Это было неизбежно. Всего только четверть одиннадцатого. А мне казалось, что ночь почти на исходе. На секунду закрыв глаза, Круг вошел.
Он различил быстрый, смазанный взмах одеяла; щелкнул выключатель постельной лампы, и мальчик сел, прикрывая рукой глаза. В этом возрасте (восемь лет) о ребенке невозможно сказать, что он улыбается так или этак. Улыбка не привязана к определенному месту, она сквозит во всем его существе, — если ребенок счастлив, конечно. Этот ребенок все еще был счастлив. Круг произнес обычные фразы — о времени и о сне. Он не успел договорить, как со дна груди рванулись на приступ грубые слезы, кинулись к горлу и, отброшенные закрепившимися ниже силами, затаились, выжидая, маневрируя в темных глубинах, готовясь к новой атаке. Pourvu qu'il ne pose pas la question atroce.[6] Молю тебя, о здешнее божество.
— В тебя стреляли? — спросил Давид.
— Что за глупости, — сказал он. — По ночам никто не стреляет.
— Еще как стреляют. Я слышал, как бахало. Смотри, новый способ носить пижаму.
Он проворно вскочил, раскинул руки, балансируя на маленькой, словно припудренной, в голубых прожилках ноге, по-обезьяньи вцепившейся в простыню, скомканную на ямчатом, покрякивающем матраце. Голубые штанишки, бледно-зеленая куртка (она что, дальтоничка?).
— Правильную я в ванну уронил, — весело пояснил он.
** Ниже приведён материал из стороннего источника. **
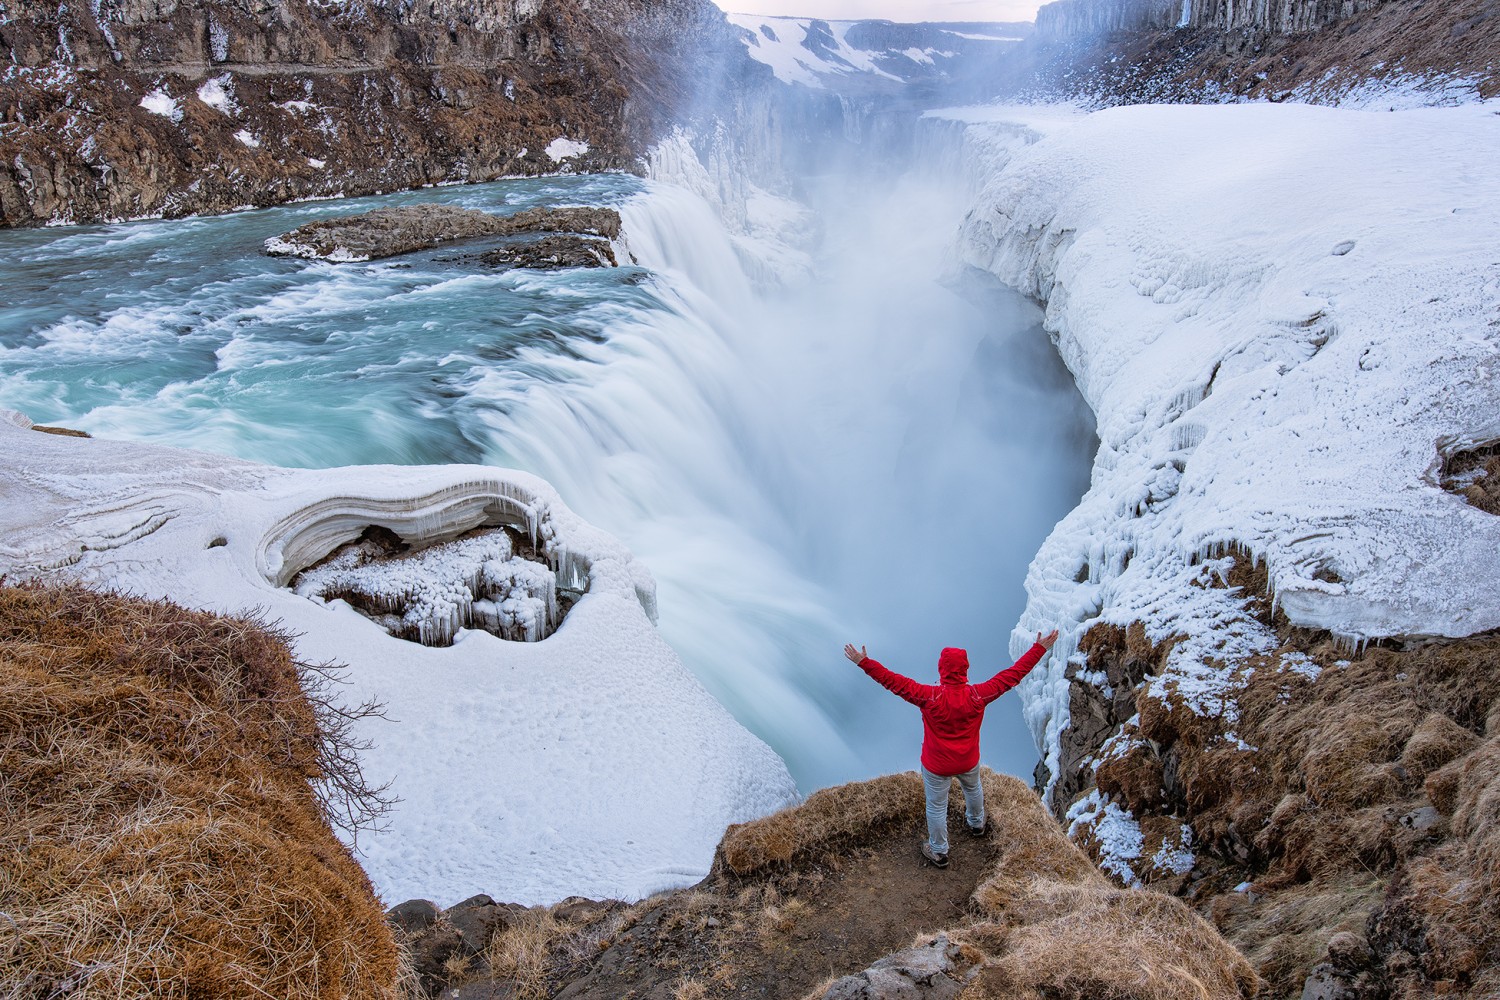 #500pxIcelandTour: Explore One of the Most Beautiful Countries on Earth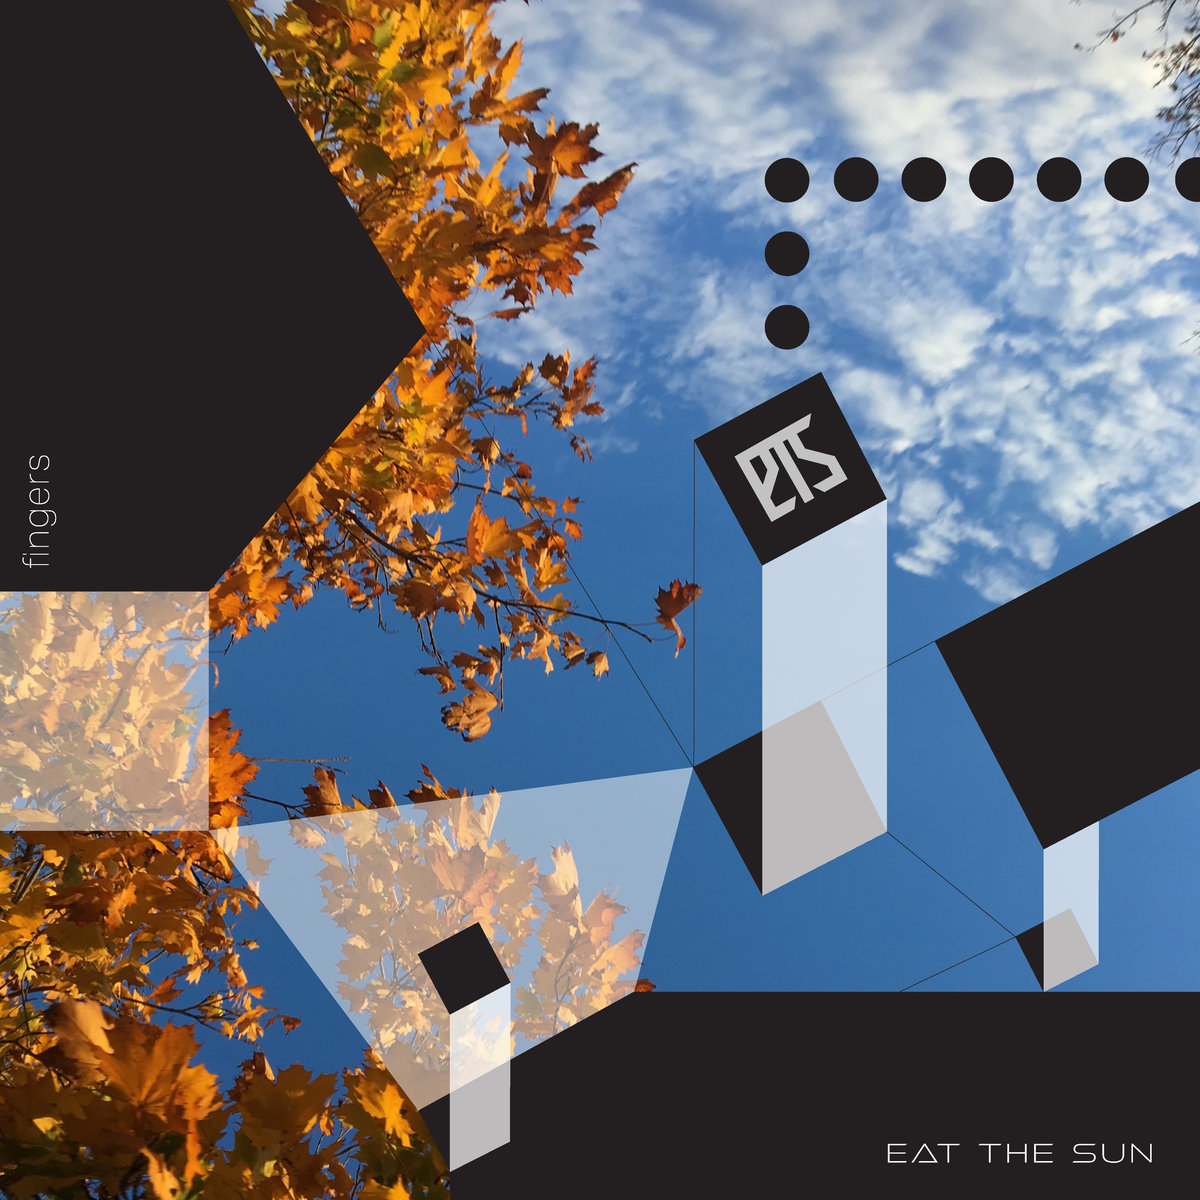 Fingers Room of Wires remix appears on Fingers EP by Eat The Sun

Внезапно, увлекшись возможностями, скрытыми в подъемной силе, он подскочил, помогая себе отрывистыми хлопками, — раз, другой, третий, выше, выше, — и, головокружительно зависнув, упал на колени, кувырнулся и снова встал на встрепанной постели, раскачиваясь, шатаясь.
— Ложись, ложись, — сказал Круг, — уже очень поздно. Мне нужно идти. Ну же, ложись. Скорее.
(Он может и не спросить.)
На этот раз он упал на попку и, неловко повозив скрюченными ногами, просунул их между одеялом и простыней, рассмеялся, всунул их, наконец, как надо, и Круг поспешно подоткнул одеяло.
— А как же сказка сегодня? — сказал Давид, вытягиваясь, взметая длинные ресницы, закидывая руки назад и складывая их на подушку, как крылья, по сторонам головы.
— Завтра будет двойная.
Склоняясь над сыном, Круг на мгновенье застыл на расстоянии протянутой руки, они смотрели в глаза друг другу: мальчик, торопливо придумывая, что бы такое спросить, чтобы выиграть время, отец, исступленно молясь, чтобы не был задан один, определенный вопрос. Сколь нежной кажется кожа в ее ночной благодати, с легчайшим фиалковым тоном чуть выше глаз и золотистым пушком на лбу под густой, спутанной бахромой золоторусых волос. Совершенство нечеловечьих тварей — птиц, молодых собак, спящих бабочек, жеребят — и этих мелких млекопитающих. Сочетание трех коричневых точек, родинок у носа, на слегка разрумянившейся щеке напомнило ему какое-то иное сочетание, которое он увидел, потрогал, впитал совсем недавно, — что это было? Парапет.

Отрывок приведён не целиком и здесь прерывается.